Posted Aug 24 2008 9:51pm
Surgery is scary. Just the thought of losing control and having someone cut into my body scares the ______ out of me! I can't imagine what it would be like for those brave souls who need a cancerous tumor removed. I give them a lot of credit in doing what they need to in order to overcome their disease.

I have my own opinions about surgery. I have written about surgery before ( see my other entry about surgery ). I think the effects of surgery on the body are grossly underestimated. I have seen this time and time again. Usually someone I know has a procedure done and then is released a short time later with the idea that they will heal in a short amount of time. In reality the person struggles for a much longer time before they feel better.

Healing from surgery encompasses both the body and the mind. Yes body tissues can heal pretty fast but getting over the stress of surgery and dealing with a major disease can be quite a challenge.
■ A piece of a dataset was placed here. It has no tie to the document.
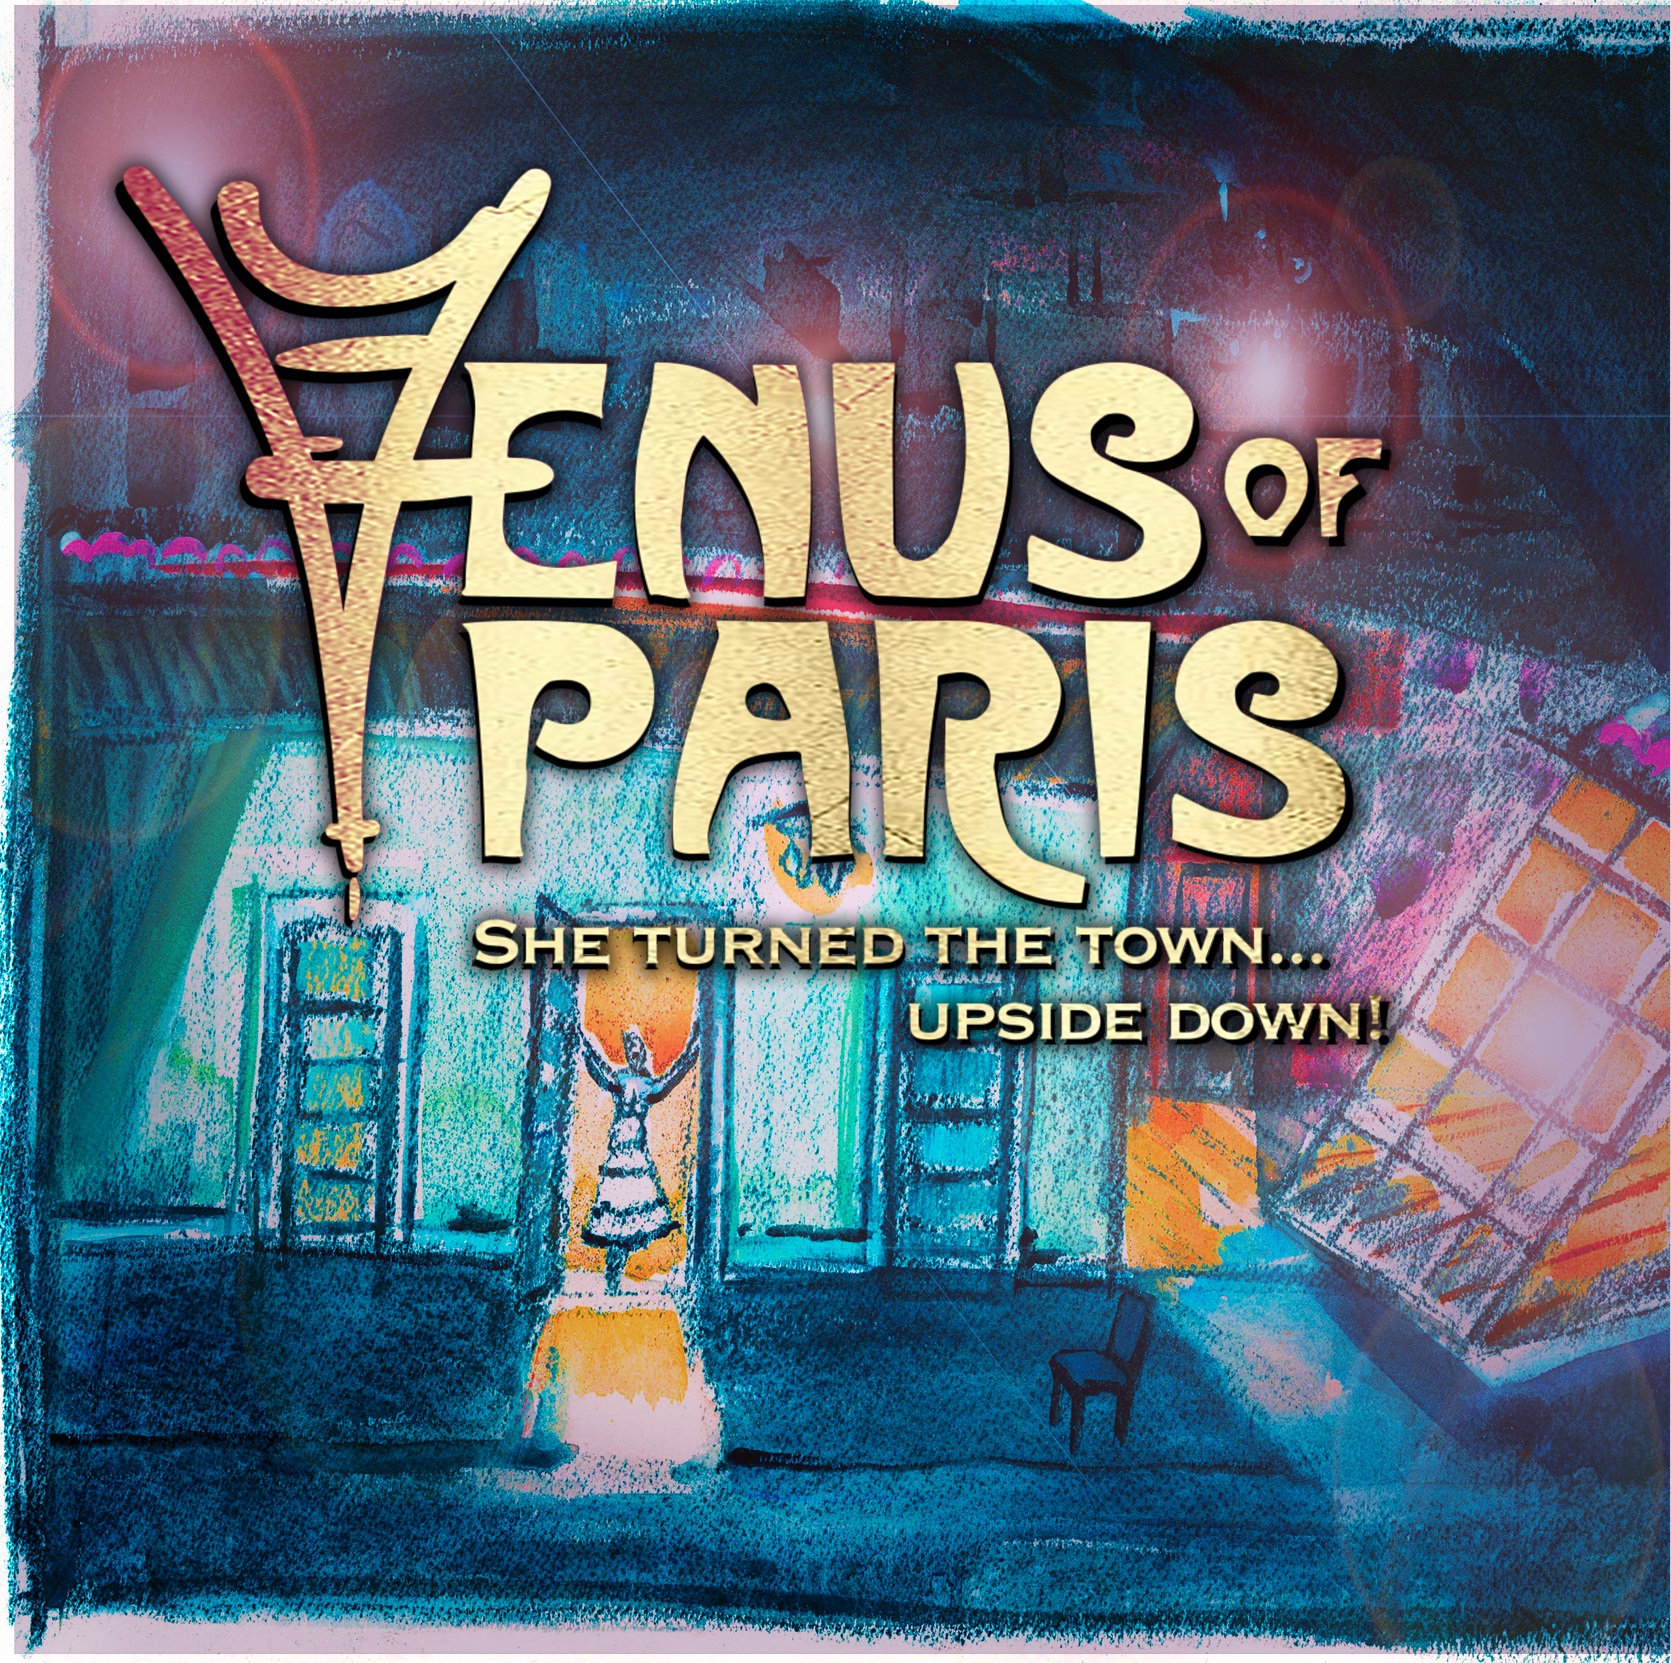 Venus-of-Paris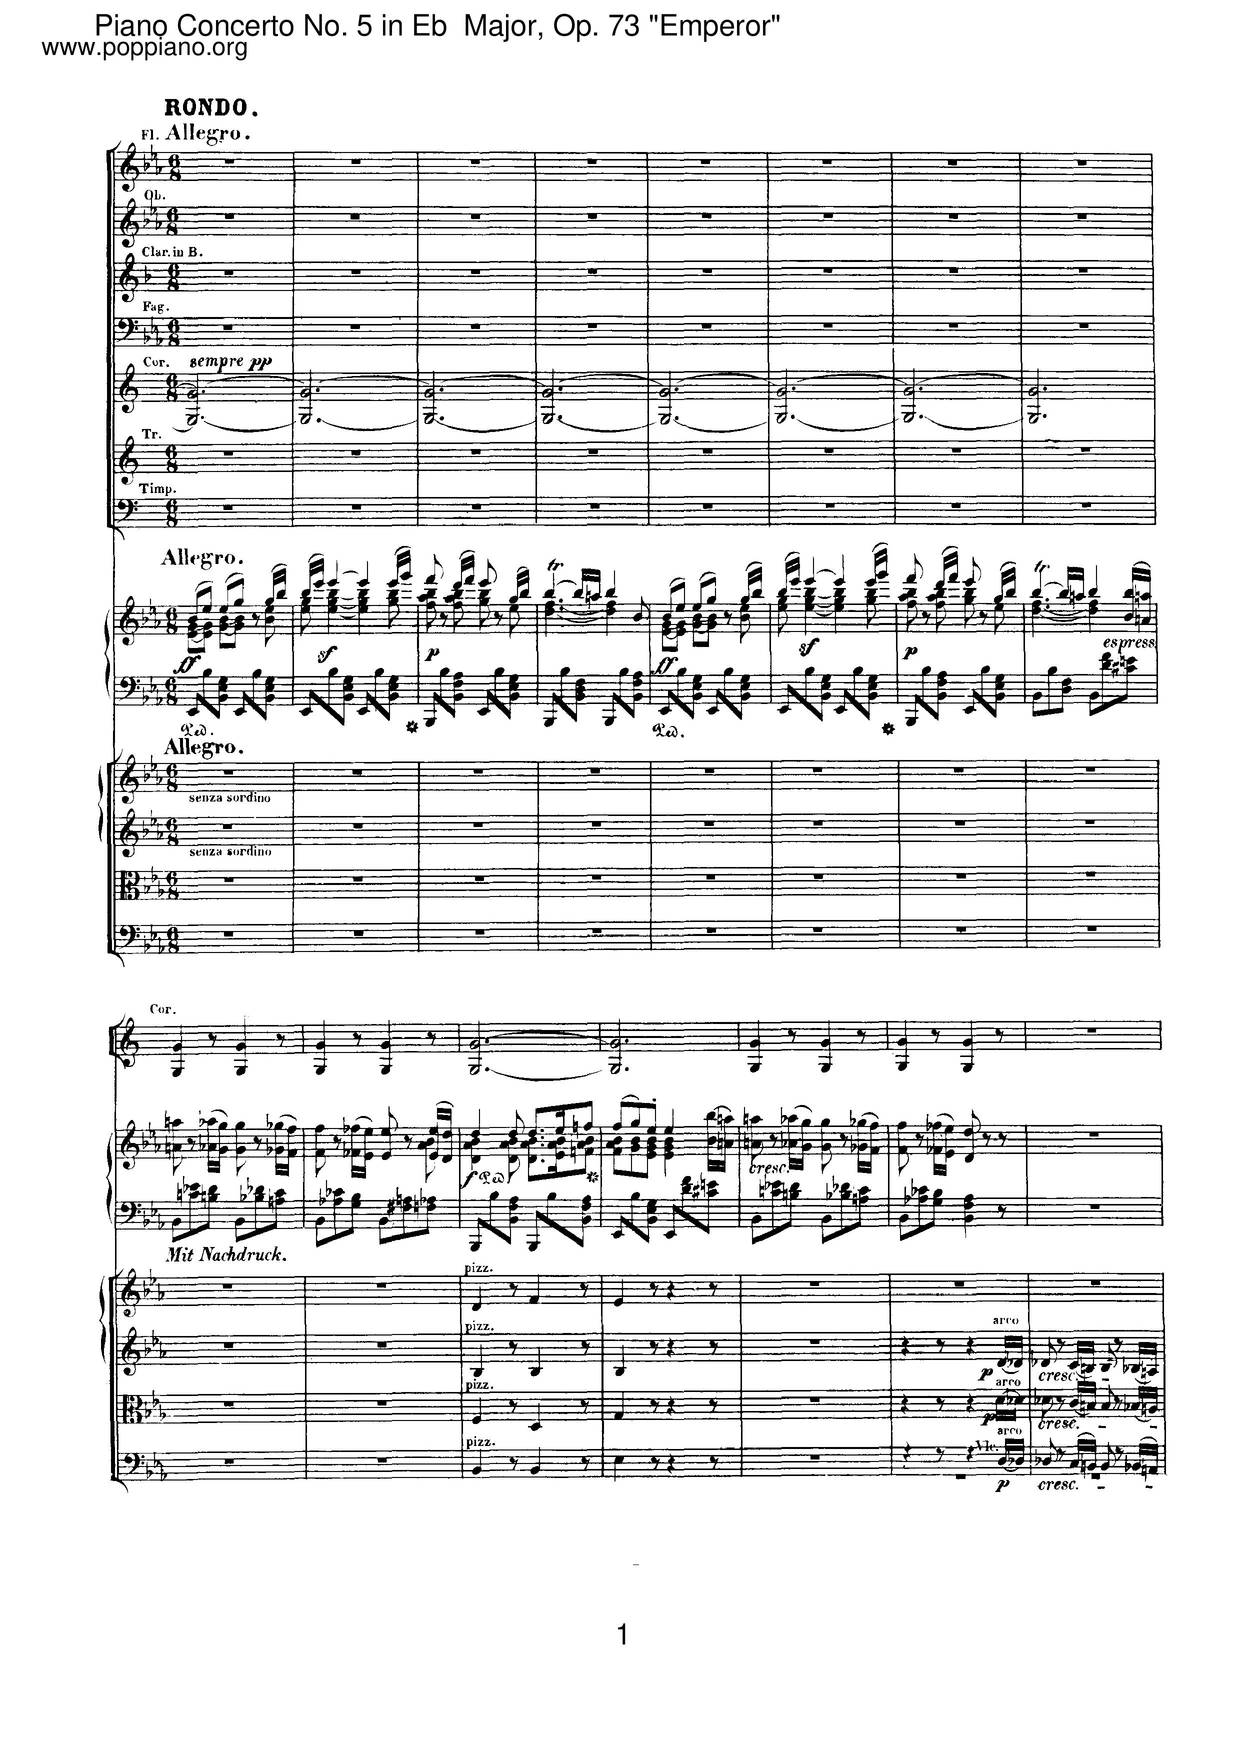 Piano Concerto No. 5 in E-Flat Major, Op. 73 Emperor: 2. Adagio un poco mosso琴譜

A new study from Aviv University's Department of Psychology led by Professor Shamgar Ben-Eliyahu examined the effects of surgery-related stress on the body. The physical aspects of surgery have a negative effect on the immune system but what about the psychological effects?

According to the professor it is the chemicals released by the body in response to fear that suppress the immune system. When we experience fear our bodies release a host of hormones such as norepinephrine and epinephrine (adrenaline). These hormones work to get us ready to deal with a threat and they can also inhibit our immune systems.

This can be a big problem, especially in the time directly following surgery. This is when the body needs to overcome the physical stress of the surgical assault on the tissues. It is also when the body needs to finish the job of the surgeon by killing off what is left of a cancerous tumor. It doesn't help if the immune system is compromised by the effects of psychological fear.

Inhibiting the stress hormones may go a long way in reducing the recurrence of cancer after surgery. There is hope from the field of mind-body medicine called psychoneuroimmunology. Stress-reducing techniques have been shown to improve immune function.

Perhaps mind-body healing can become a part of an overall healing program (as I believe it should as stated in my book). In the future patients may not only have surgical consults but may also work with practitioners employing mind-body techniques to help to boost the immune system.